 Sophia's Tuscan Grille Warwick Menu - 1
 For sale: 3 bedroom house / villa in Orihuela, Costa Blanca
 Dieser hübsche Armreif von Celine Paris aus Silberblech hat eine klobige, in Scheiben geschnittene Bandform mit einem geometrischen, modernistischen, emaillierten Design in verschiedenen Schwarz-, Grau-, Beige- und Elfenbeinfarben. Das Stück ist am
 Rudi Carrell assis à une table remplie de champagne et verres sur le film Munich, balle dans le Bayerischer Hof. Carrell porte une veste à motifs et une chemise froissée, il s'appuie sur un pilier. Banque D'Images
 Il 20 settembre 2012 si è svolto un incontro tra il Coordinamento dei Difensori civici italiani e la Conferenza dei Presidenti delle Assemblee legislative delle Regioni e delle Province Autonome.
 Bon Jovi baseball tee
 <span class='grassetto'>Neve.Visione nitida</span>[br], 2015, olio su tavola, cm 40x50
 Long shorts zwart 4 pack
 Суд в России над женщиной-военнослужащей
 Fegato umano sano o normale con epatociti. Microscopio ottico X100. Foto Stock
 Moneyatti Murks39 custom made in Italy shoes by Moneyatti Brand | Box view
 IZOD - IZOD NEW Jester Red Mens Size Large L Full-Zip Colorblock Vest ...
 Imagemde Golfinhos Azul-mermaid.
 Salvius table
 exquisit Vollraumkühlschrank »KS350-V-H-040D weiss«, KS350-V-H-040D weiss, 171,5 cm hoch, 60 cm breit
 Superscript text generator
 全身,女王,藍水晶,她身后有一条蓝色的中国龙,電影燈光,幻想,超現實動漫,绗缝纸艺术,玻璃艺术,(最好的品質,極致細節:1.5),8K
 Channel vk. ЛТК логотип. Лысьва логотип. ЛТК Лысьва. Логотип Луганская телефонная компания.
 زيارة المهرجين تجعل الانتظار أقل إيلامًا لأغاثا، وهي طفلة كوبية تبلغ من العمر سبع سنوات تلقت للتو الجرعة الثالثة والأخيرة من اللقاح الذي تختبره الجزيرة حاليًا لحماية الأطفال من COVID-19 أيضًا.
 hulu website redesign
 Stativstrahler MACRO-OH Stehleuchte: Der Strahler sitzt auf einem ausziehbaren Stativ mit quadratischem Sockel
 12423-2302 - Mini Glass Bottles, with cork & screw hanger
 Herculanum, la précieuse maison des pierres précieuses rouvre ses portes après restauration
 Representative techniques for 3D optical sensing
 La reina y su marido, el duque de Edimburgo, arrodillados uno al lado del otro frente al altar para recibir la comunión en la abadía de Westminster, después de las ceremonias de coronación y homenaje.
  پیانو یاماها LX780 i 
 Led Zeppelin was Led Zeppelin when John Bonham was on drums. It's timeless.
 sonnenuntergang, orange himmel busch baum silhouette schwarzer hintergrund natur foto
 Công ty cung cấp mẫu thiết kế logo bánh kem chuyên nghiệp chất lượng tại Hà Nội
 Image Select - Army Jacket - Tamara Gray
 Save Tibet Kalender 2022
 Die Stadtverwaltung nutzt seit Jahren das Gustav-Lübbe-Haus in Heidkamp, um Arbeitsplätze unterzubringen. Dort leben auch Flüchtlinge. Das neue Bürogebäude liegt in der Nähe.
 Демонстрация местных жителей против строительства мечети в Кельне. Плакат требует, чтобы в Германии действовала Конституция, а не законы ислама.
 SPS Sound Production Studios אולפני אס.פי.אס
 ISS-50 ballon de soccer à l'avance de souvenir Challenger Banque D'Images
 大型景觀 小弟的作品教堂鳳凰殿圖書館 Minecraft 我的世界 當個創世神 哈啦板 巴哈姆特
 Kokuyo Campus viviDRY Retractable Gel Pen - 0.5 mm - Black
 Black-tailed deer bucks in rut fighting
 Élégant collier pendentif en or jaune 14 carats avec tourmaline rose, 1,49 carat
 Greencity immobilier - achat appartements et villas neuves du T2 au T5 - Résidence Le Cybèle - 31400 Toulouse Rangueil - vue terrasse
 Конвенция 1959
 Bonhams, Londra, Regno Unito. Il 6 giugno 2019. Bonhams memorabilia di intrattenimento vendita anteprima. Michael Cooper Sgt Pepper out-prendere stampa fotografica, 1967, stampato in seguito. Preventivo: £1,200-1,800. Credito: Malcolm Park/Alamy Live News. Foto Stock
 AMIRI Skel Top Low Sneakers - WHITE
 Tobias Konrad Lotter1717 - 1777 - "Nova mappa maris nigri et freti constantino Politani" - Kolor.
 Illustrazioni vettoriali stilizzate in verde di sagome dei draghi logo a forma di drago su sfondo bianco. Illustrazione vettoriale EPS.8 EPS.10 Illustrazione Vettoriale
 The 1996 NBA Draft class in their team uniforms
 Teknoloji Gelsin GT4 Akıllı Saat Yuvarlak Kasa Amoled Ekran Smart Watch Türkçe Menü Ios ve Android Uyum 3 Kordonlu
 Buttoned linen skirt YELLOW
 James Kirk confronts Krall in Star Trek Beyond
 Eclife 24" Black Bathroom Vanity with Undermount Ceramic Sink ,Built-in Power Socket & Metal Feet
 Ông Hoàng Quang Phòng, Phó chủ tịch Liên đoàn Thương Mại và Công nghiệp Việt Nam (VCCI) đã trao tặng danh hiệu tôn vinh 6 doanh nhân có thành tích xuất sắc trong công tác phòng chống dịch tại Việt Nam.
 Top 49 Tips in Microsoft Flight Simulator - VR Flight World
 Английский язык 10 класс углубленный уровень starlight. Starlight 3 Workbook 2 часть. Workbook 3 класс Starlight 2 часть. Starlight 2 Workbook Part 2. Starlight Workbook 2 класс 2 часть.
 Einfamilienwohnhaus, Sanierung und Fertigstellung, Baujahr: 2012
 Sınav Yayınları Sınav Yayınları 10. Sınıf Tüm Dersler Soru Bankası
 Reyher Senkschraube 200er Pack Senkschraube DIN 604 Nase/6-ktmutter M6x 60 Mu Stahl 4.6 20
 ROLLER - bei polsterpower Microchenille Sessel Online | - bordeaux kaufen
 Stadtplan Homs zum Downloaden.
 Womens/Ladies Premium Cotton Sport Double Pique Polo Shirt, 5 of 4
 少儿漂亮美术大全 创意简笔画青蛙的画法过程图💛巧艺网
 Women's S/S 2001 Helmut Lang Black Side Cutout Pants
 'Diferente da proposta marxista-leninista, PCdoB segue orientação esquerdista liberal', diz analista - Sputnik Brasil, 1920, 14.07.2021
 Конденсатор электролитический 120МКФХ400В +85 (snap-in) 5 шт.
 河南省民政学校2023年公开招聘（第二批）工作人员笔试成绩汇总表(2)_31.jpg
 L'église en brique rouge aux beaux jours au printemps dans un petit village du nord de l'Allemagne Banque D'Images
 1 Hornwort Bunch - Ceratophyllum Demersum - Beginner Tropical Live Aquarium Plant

────

• **DESCRIPTION OF THE TASK**:
Retype only this portion of the data above: the line containing "AMIRI Skel Top Low Sneakers - WHITE", the line containing "The 1996 NBA", and all lines between them, exactly.

• **EXPECTED ANSWER**:
 AMIRI Skel Top Low Sneakers - WHITE
 Tobias Konrad Lotter1717 - 1777 - "Nova mappa maris nigri et freti constantino Politani" - Kolor.
 Illustrazioni vettoriali stilizzate in verde di sagome dei draghi logo a forma di drago su sfondo bianco. Illustrazione vettoriale EPS.8 EPS.10 Illustrazione Vettoriale
 The 1996 NBA Draft class in their team uniforms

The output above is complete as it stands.